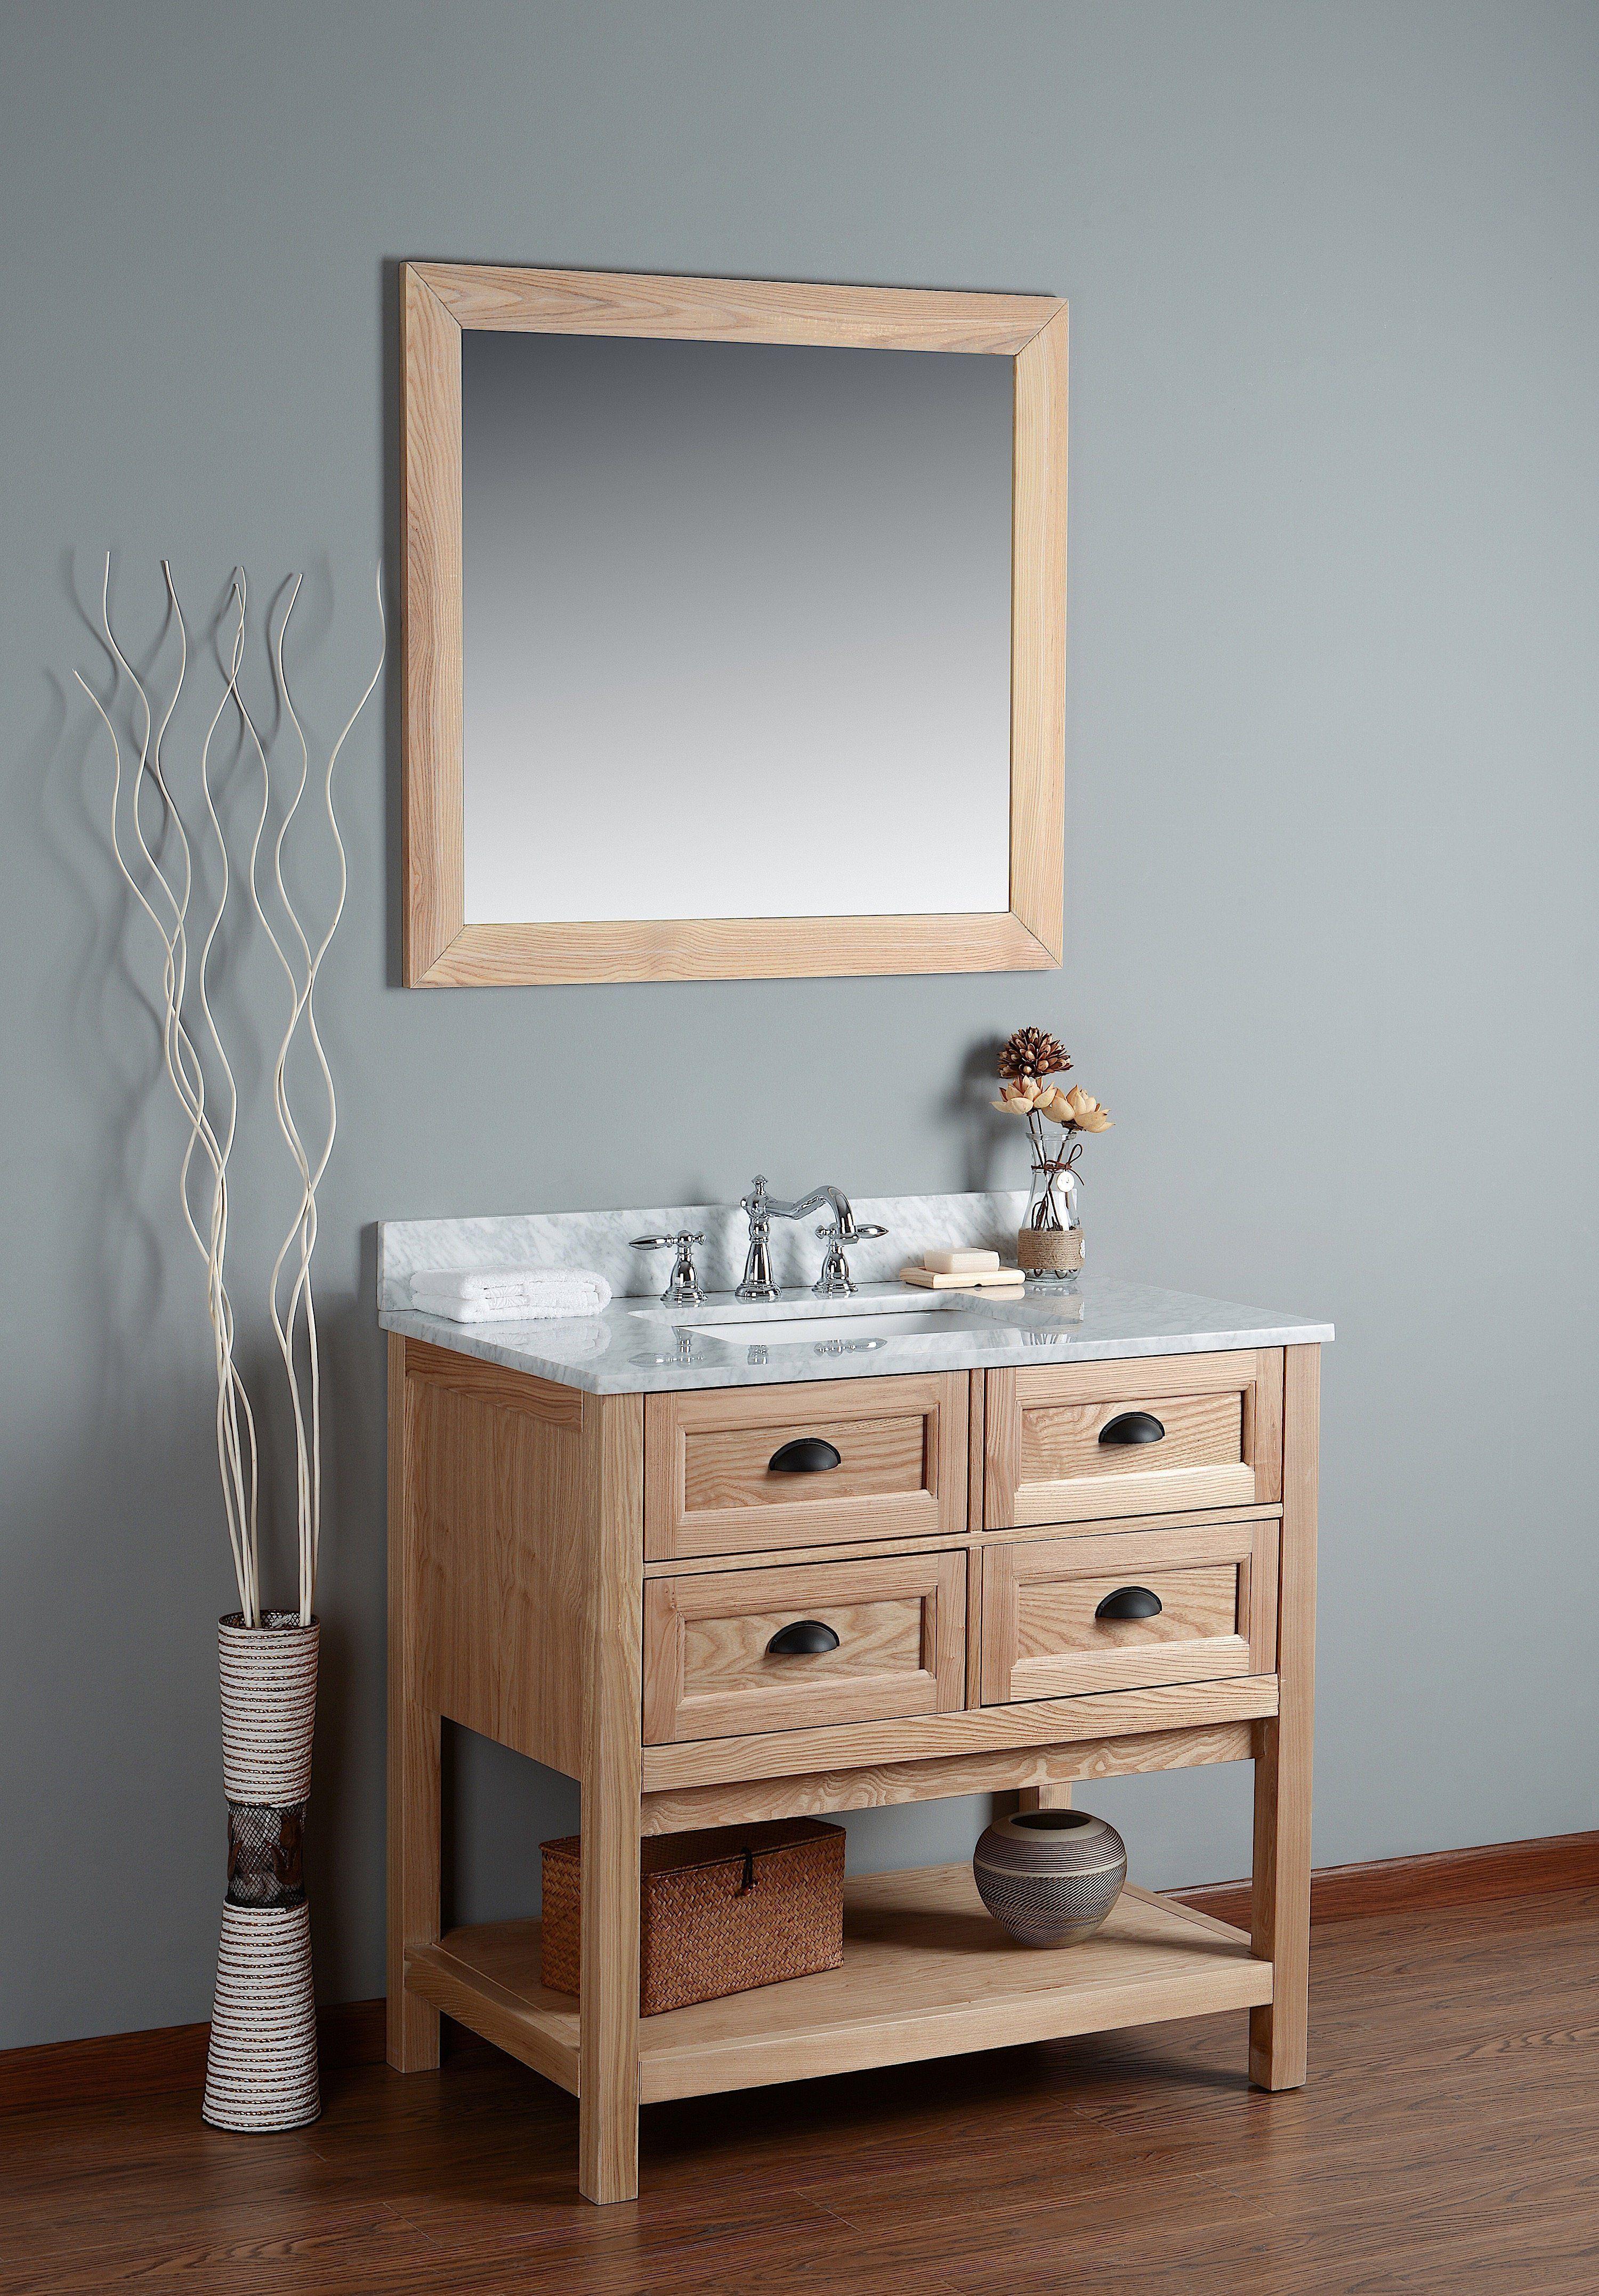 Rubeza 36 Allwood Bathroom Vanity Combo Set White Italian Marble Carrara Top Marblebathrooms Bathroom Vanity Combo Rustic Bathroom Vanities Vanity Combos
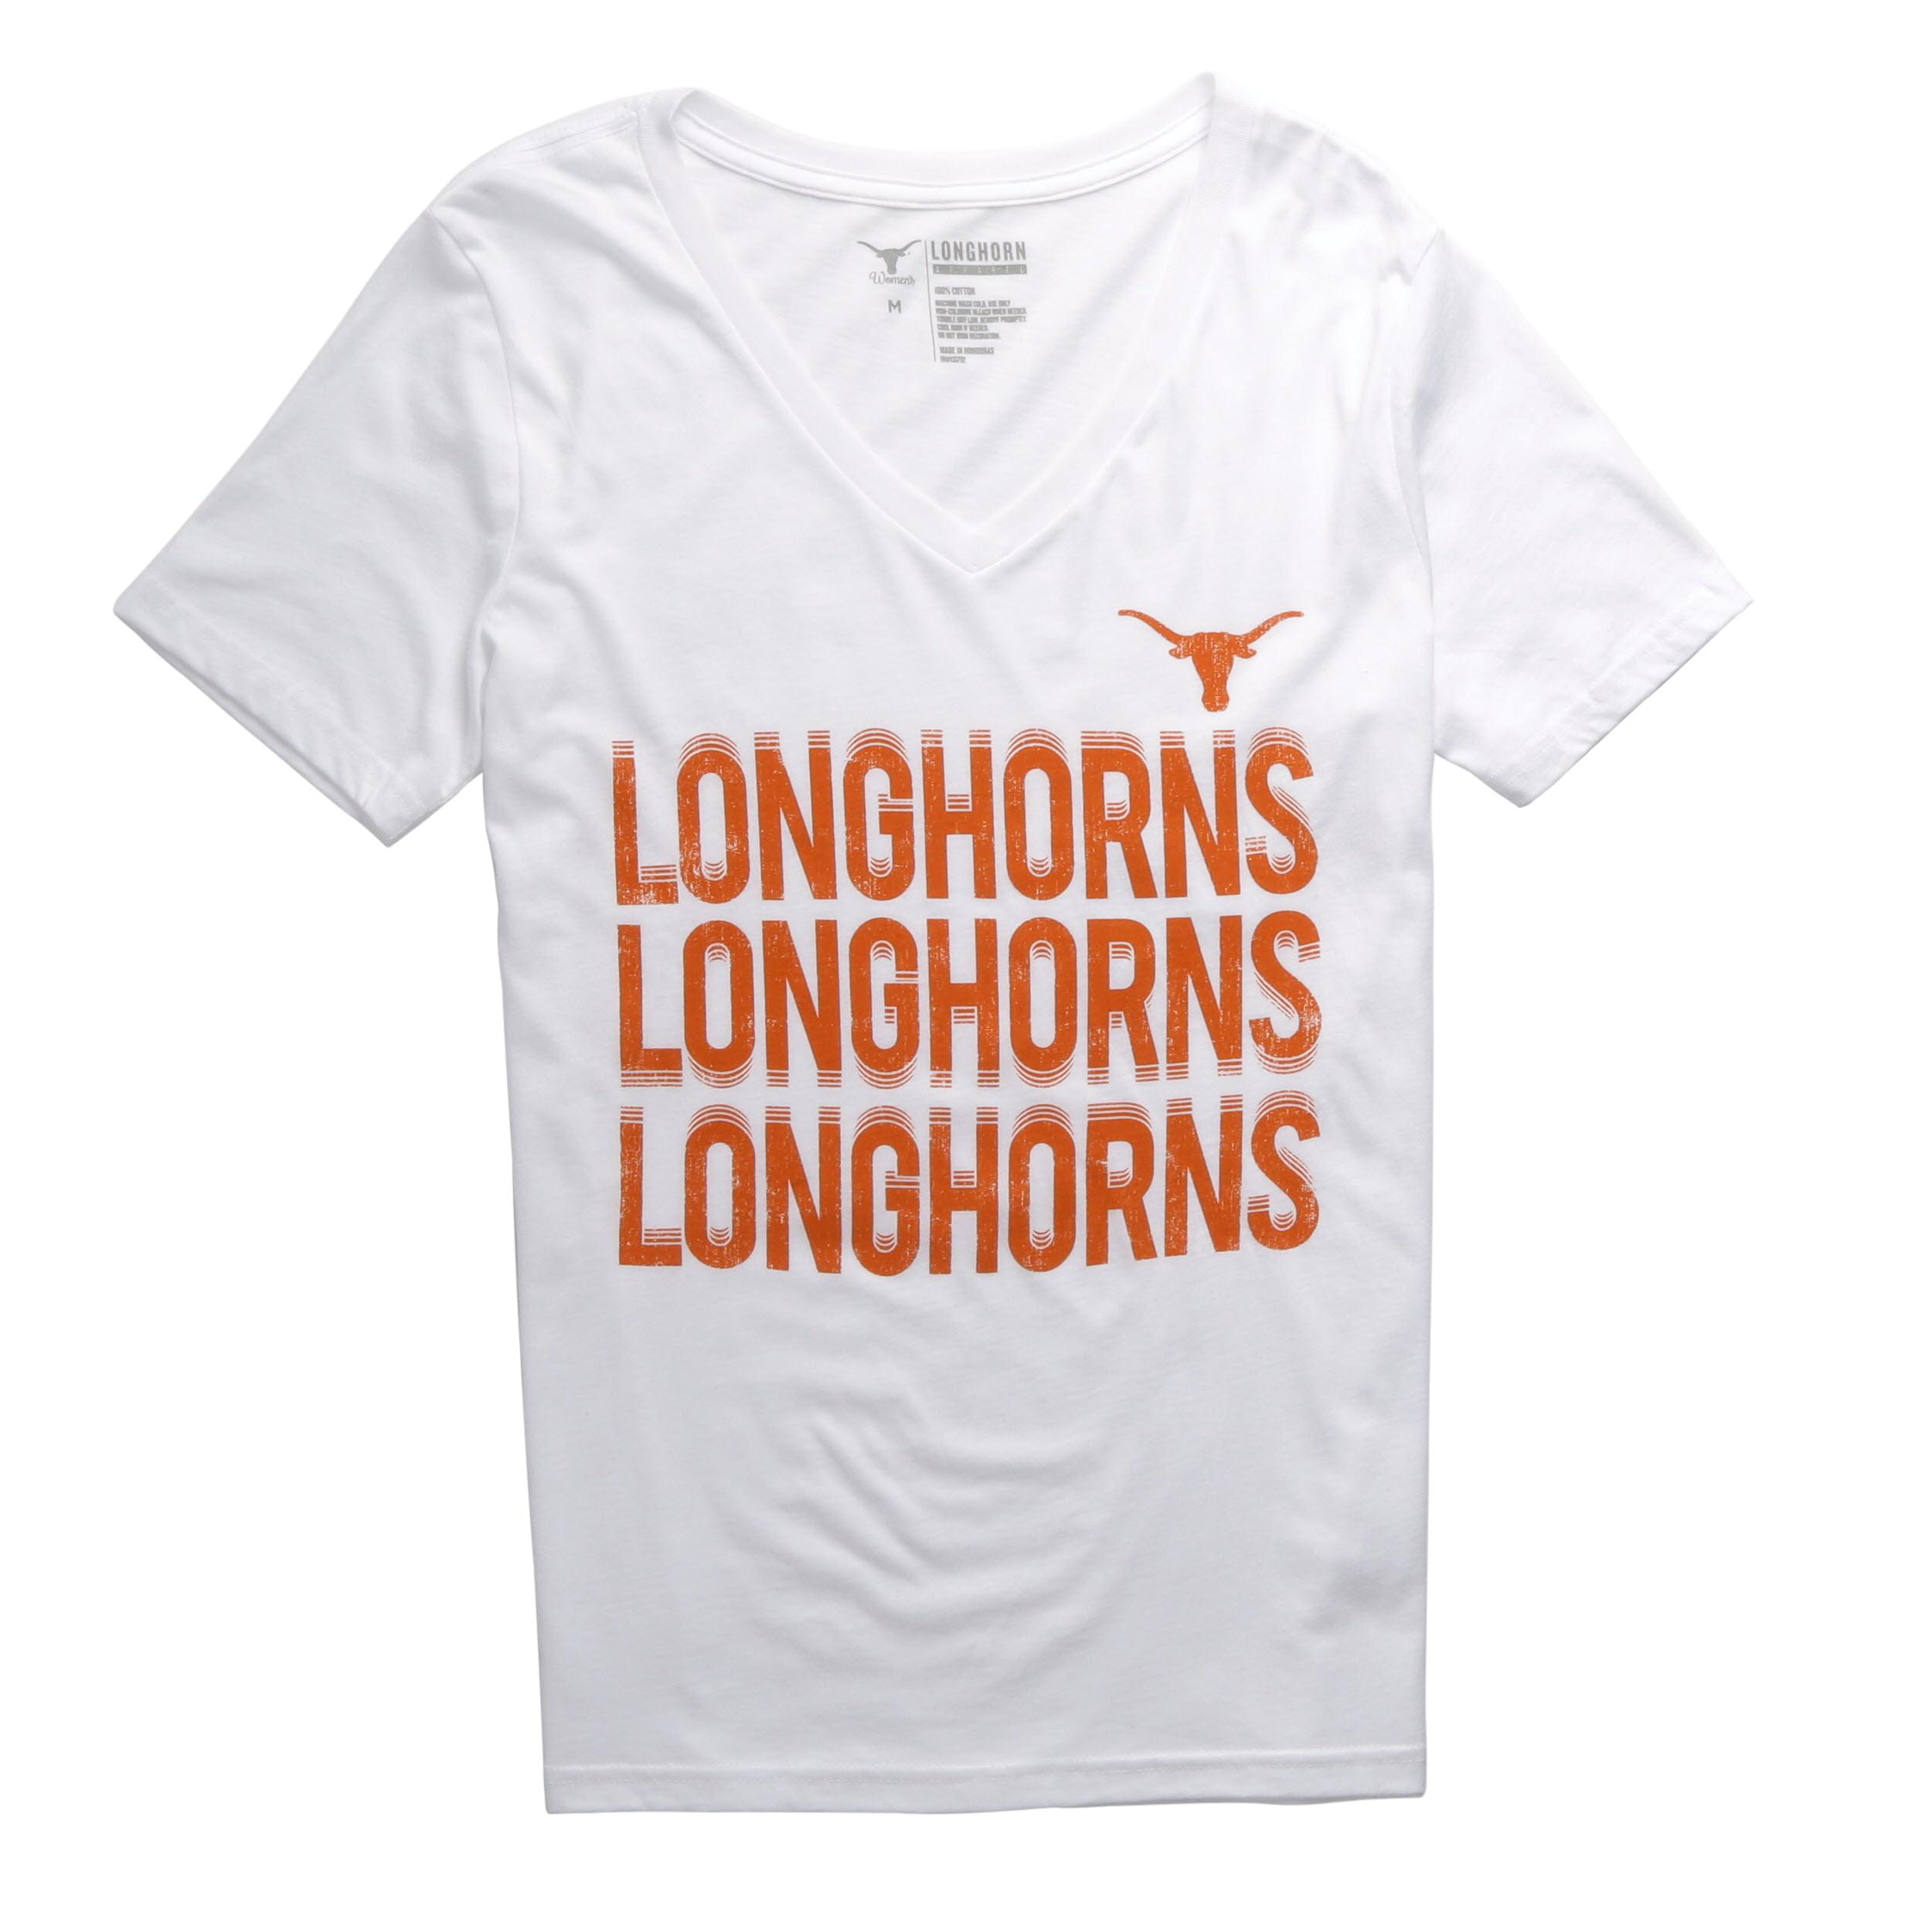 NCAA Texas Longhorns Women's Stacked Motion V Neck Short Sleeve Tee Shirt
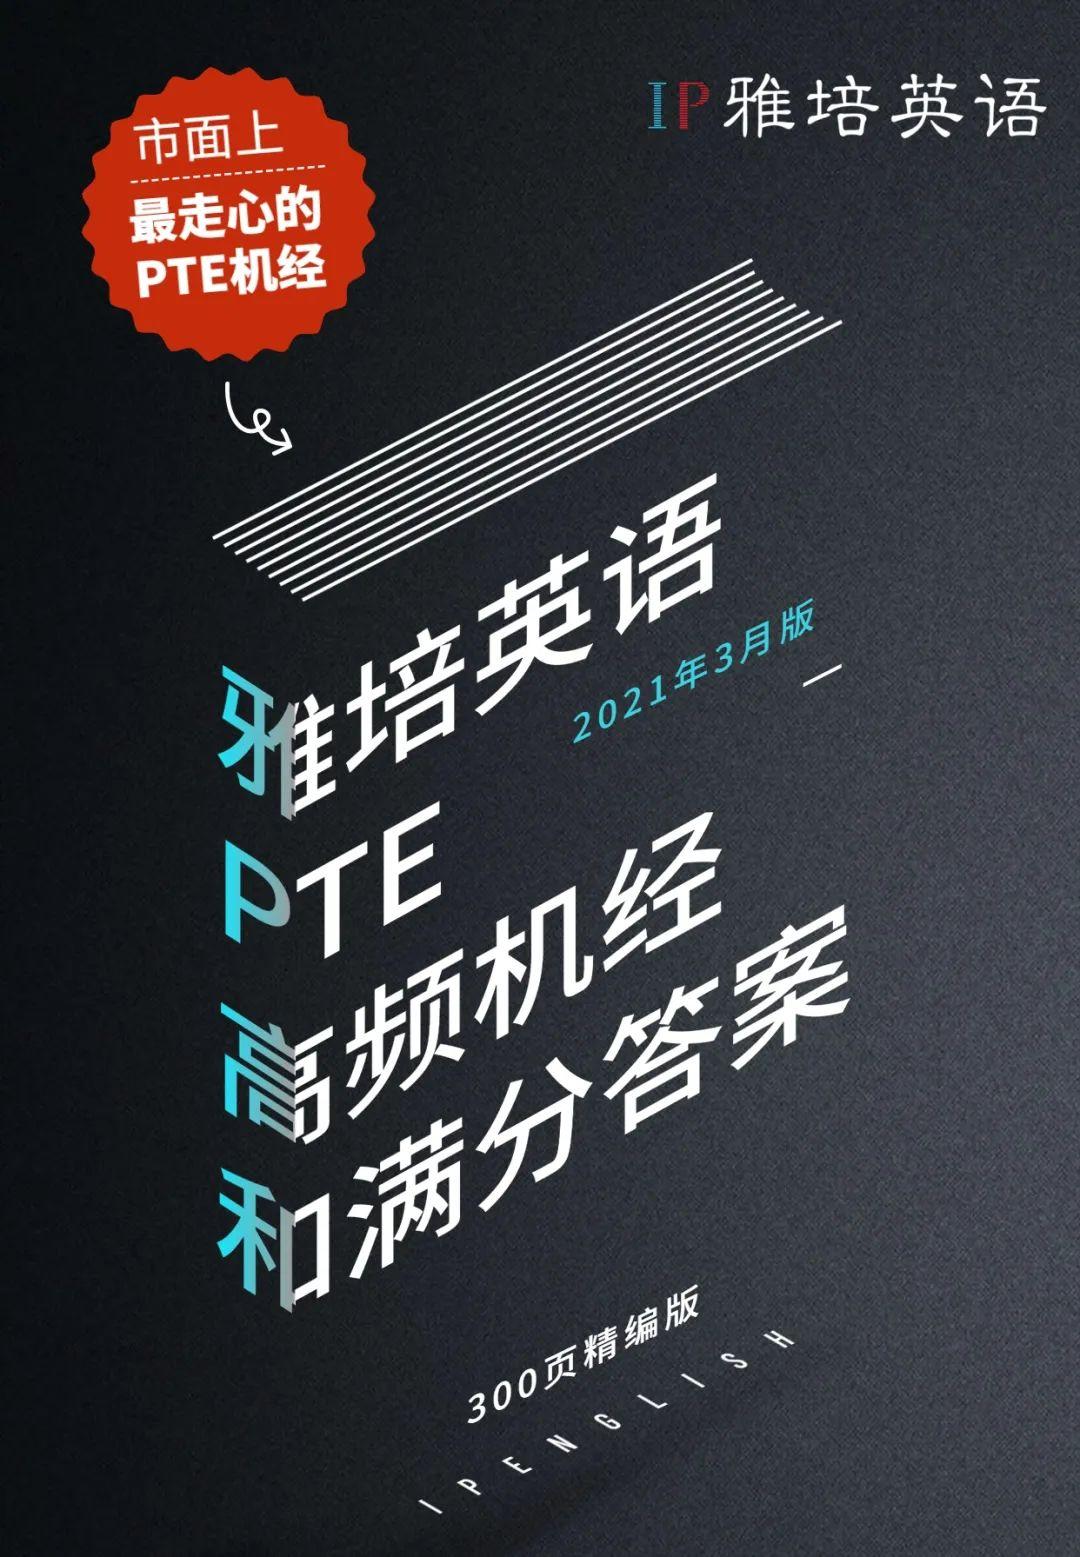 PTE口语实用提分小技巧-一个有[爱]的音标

- _WHAT NEEDS TO BE DONE_:
Find the line containing "NCAA Texas Longhorns" and copy it and each line after it through the end of the material, exactly, with no pictures.

- _WORKED SOLUTION_:
 NCAA Texas Longhorns Women's Stacked Motion V Neck Short Sleeve Tee Shirt
 PTE口语实用提分小技巧-一个有[爱]的音标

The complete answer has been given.